• [TASK DESCRIPTION]:
A word-for-word copy of the data, pictures excluded, is what this task asks for.

• [EXERCISE DATA]:
Start of Block
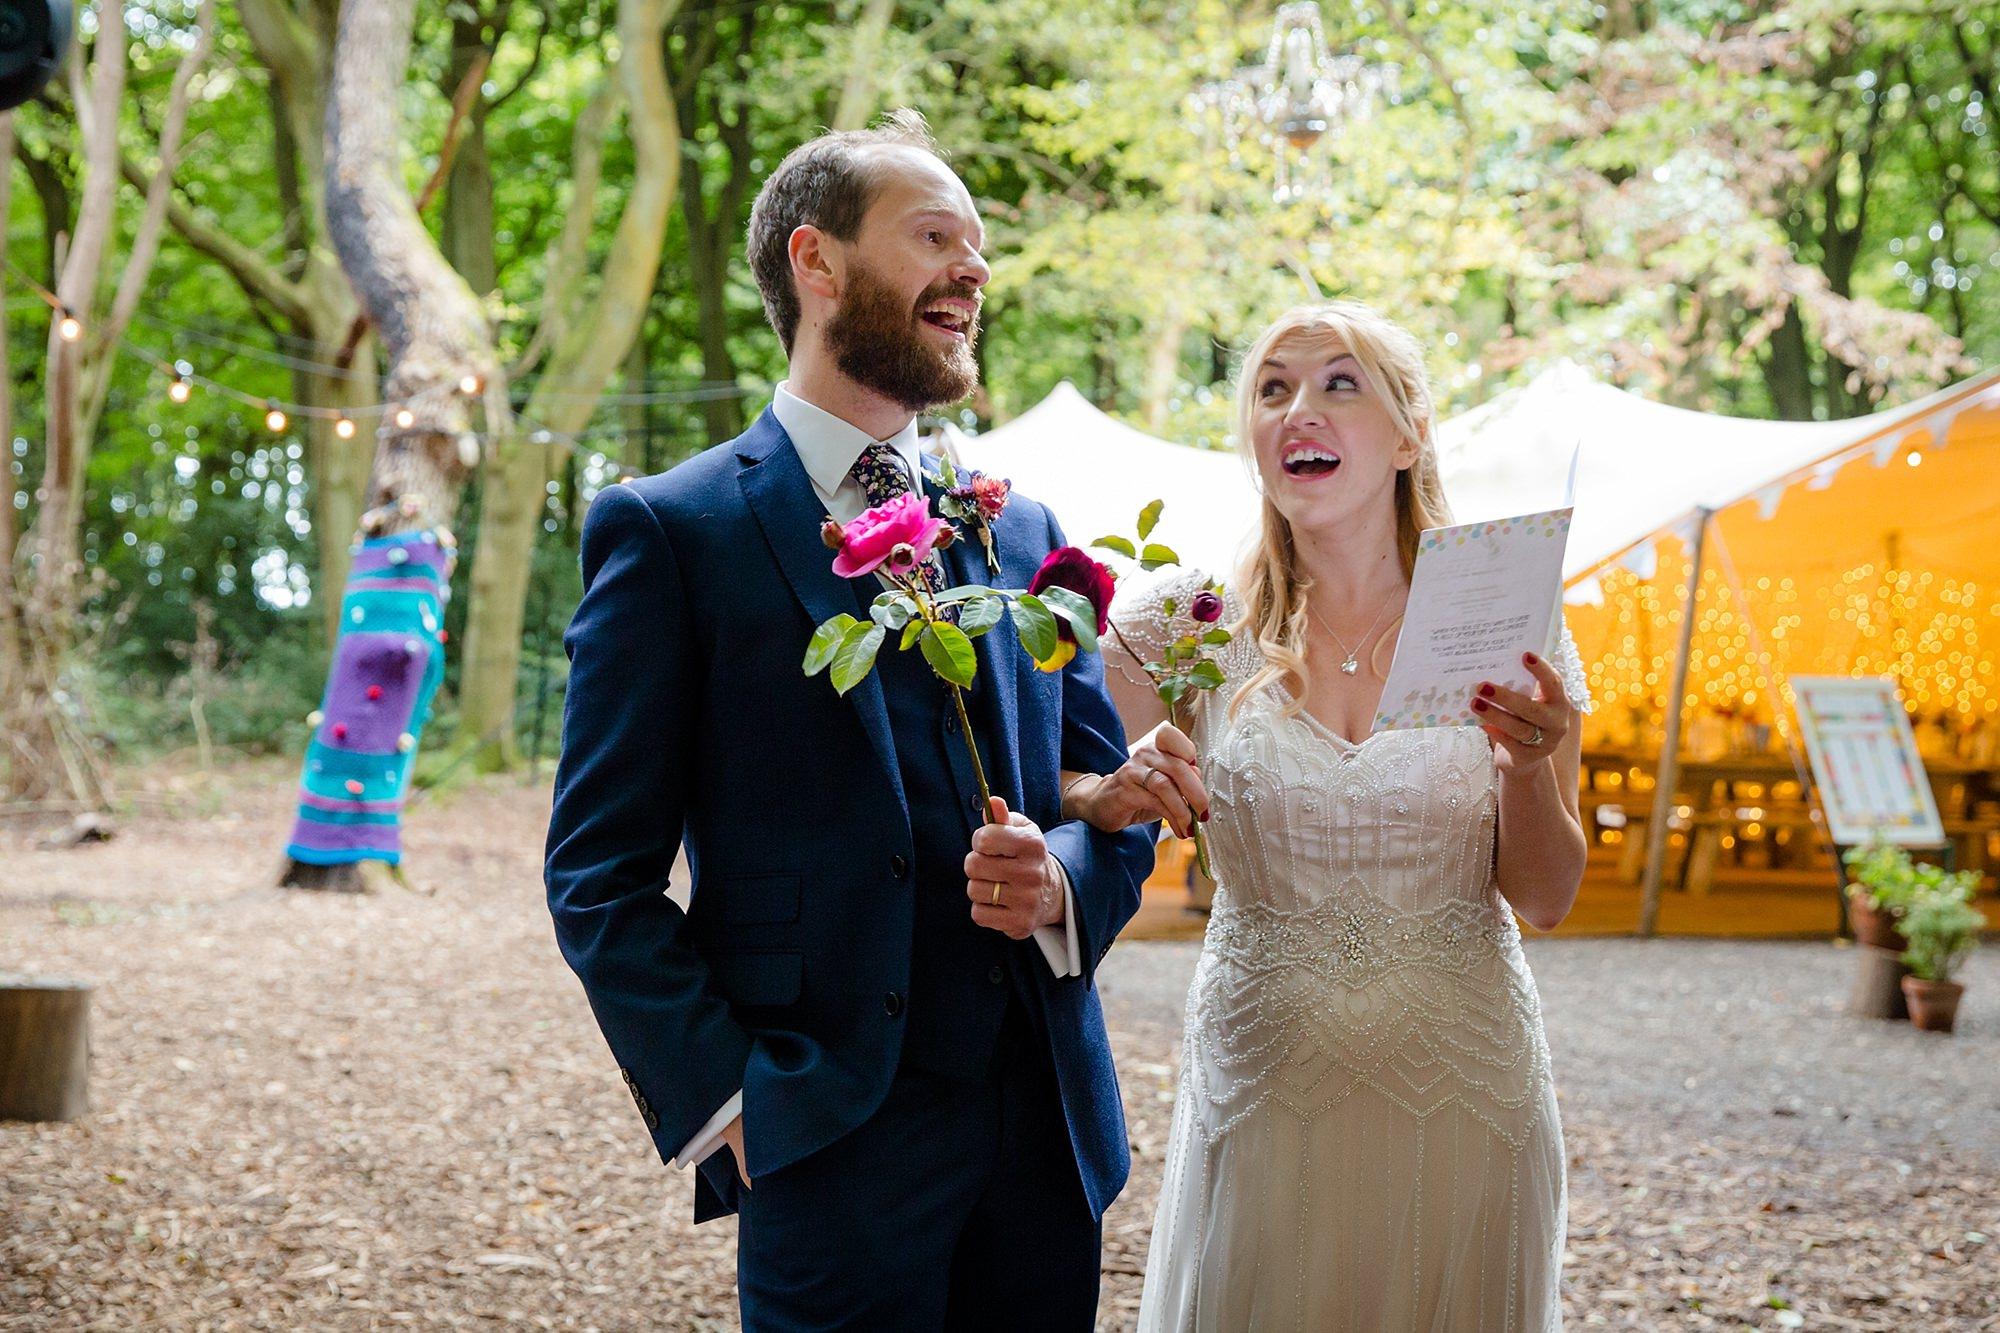 Woodland Weddings Tring bride and groom singing
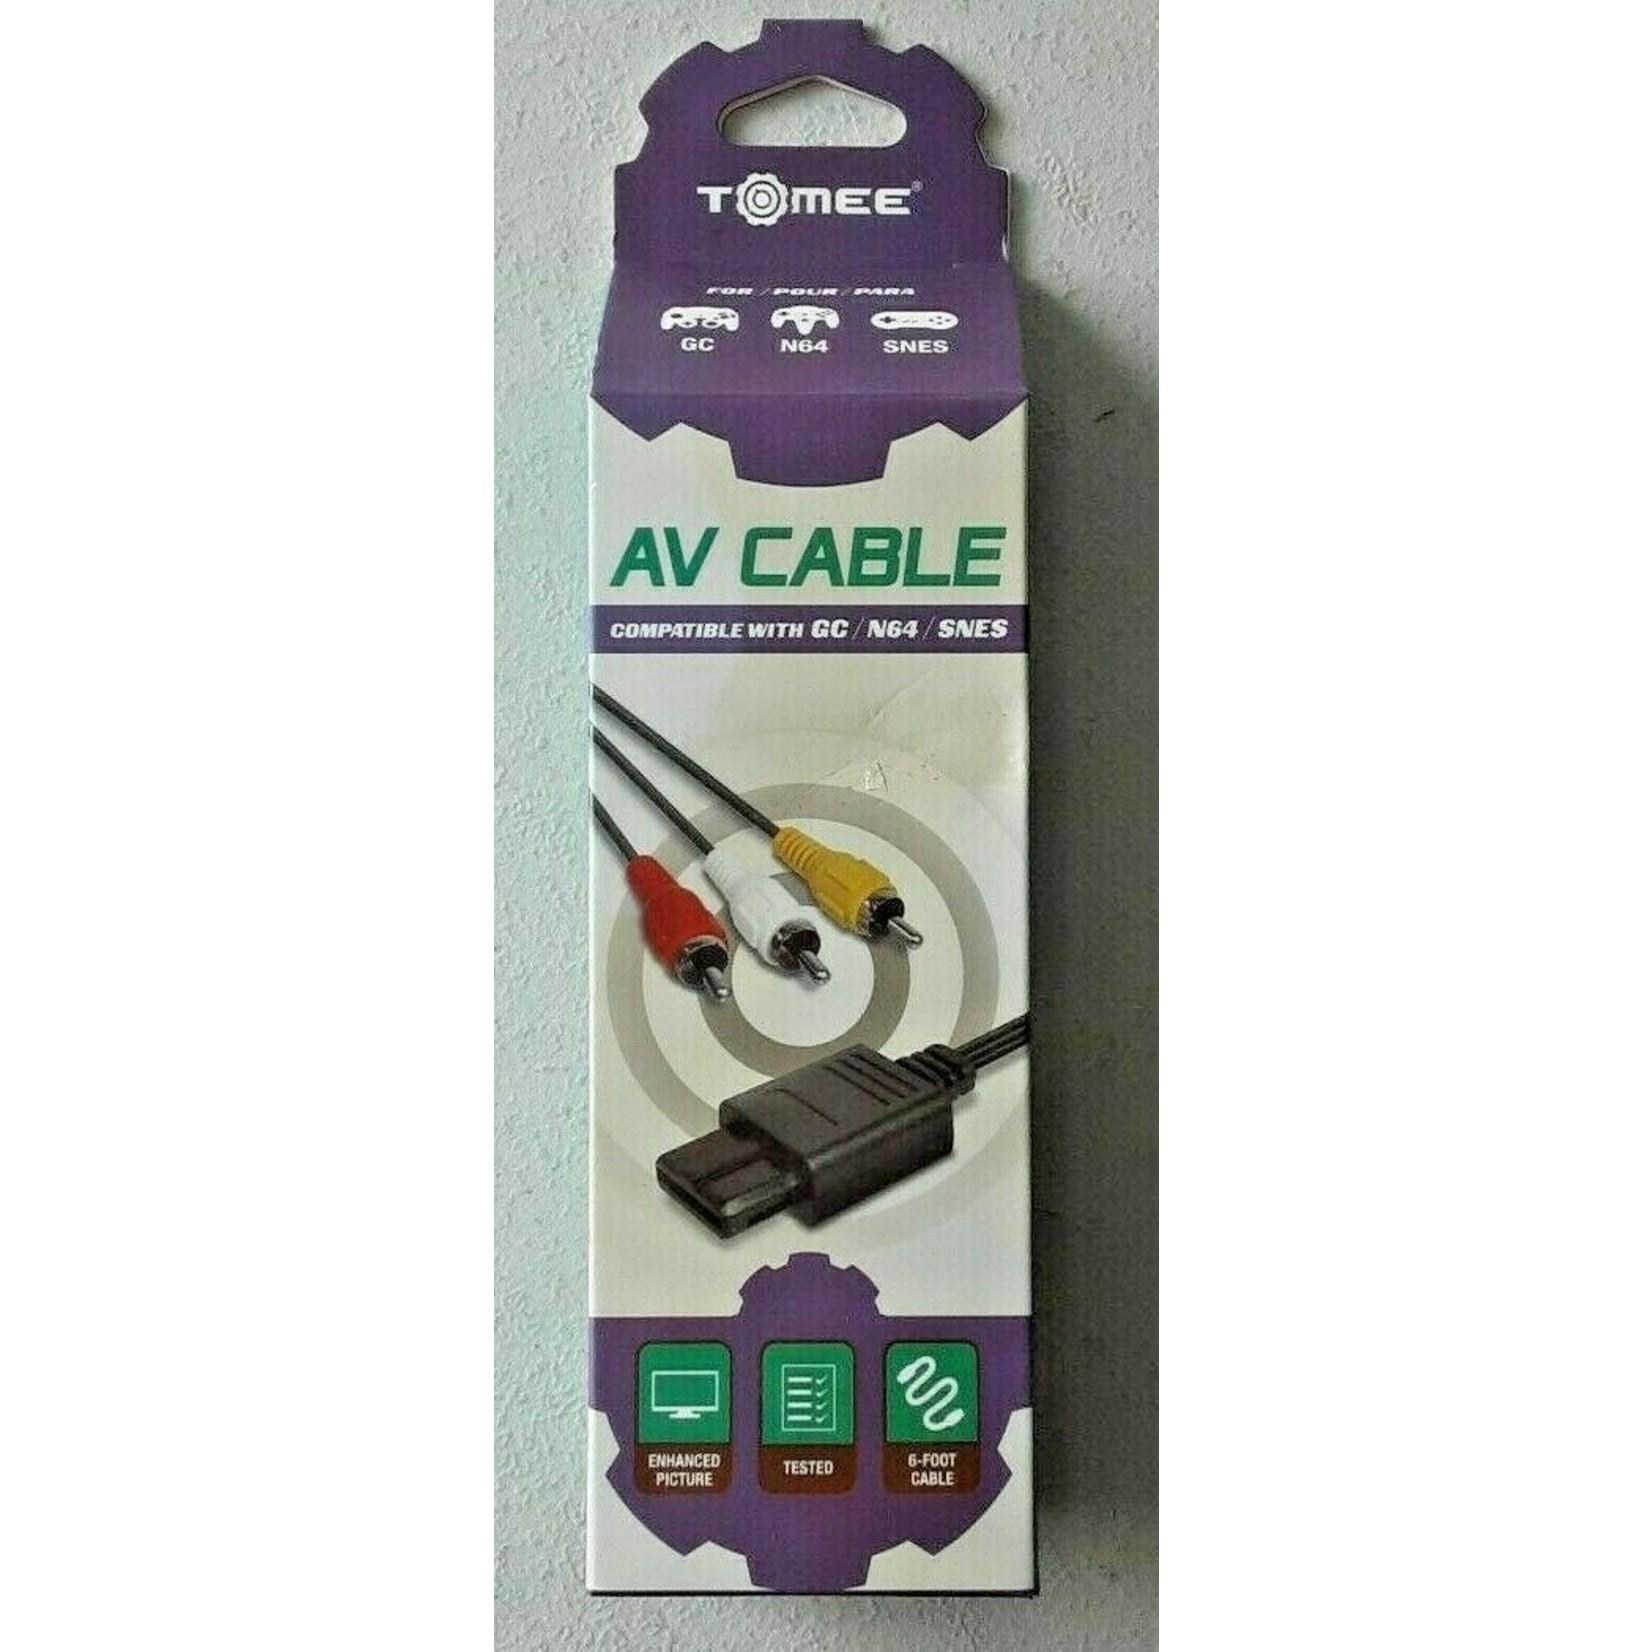 GAMECUBE/ N64/ SNES AV CABLE - TOMEE
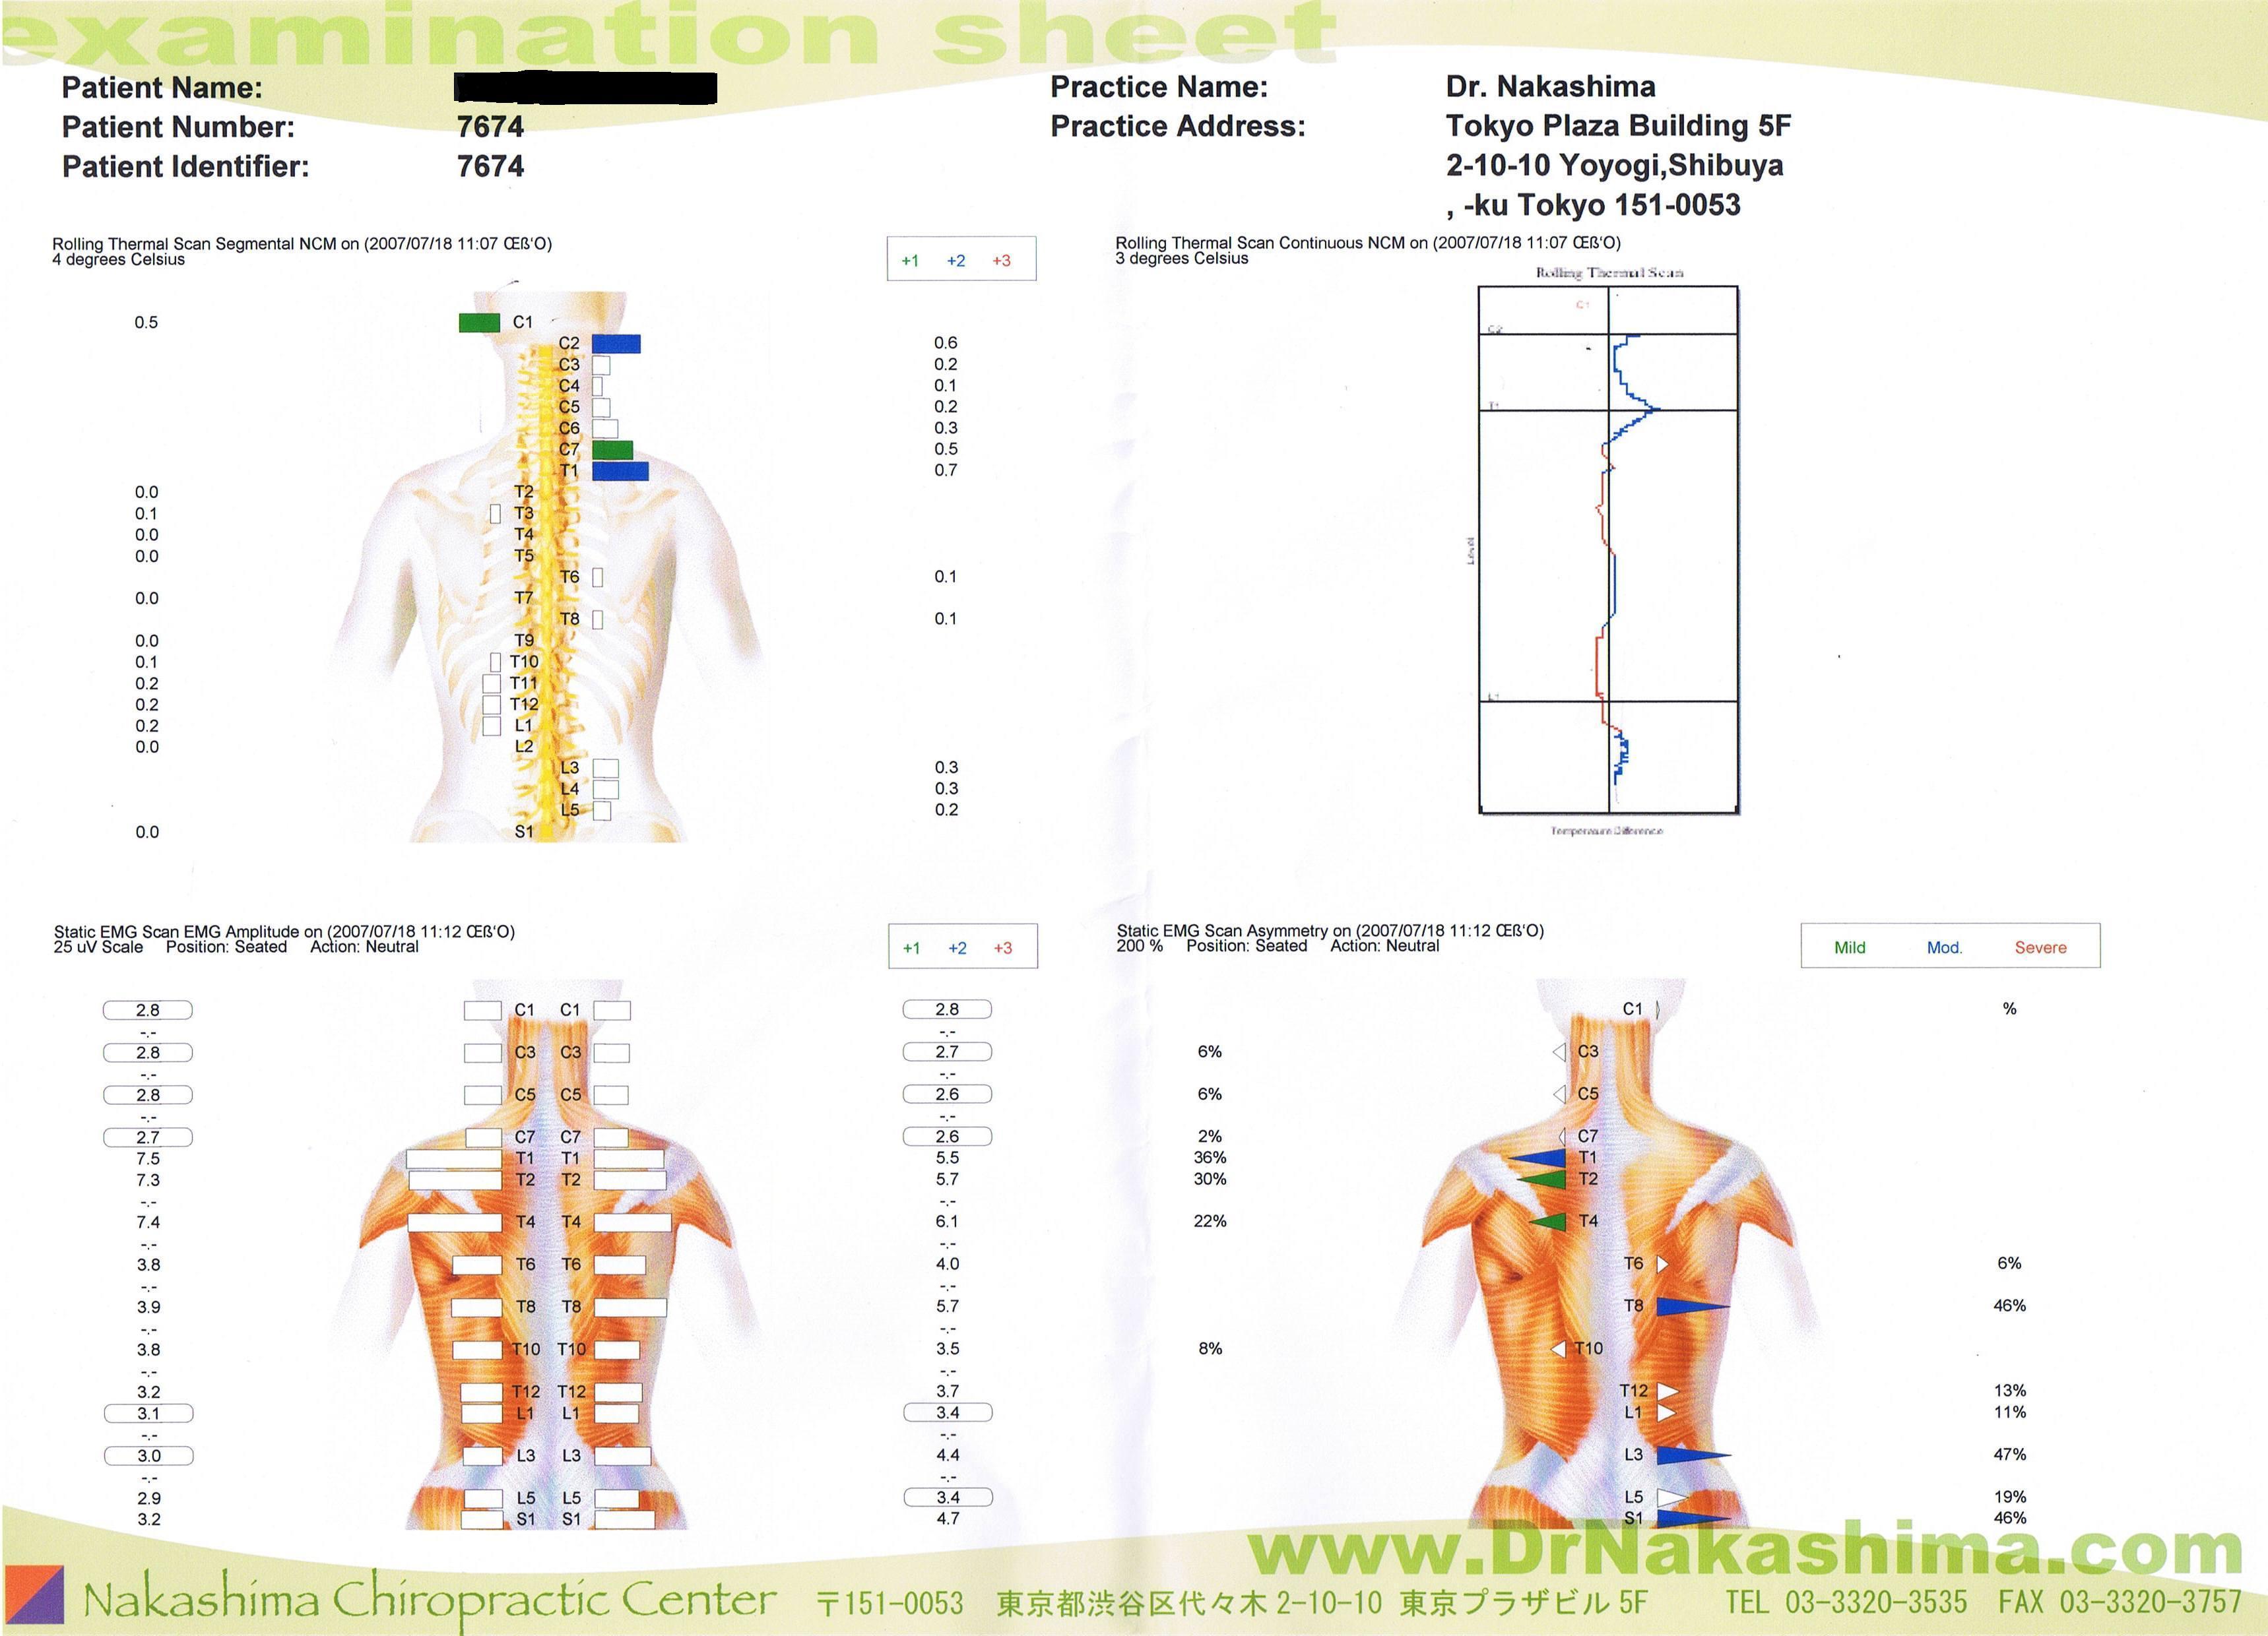 A20070718_examinationsheet01.jpg
End of Block
• [RESPONSE BOX]:
 Woodland Weddings Tring bride and groom singing
 GAMECUBE/ N64/ SNES AV CABLE - TOMEE
 A20070718_examinationsheet01.jpg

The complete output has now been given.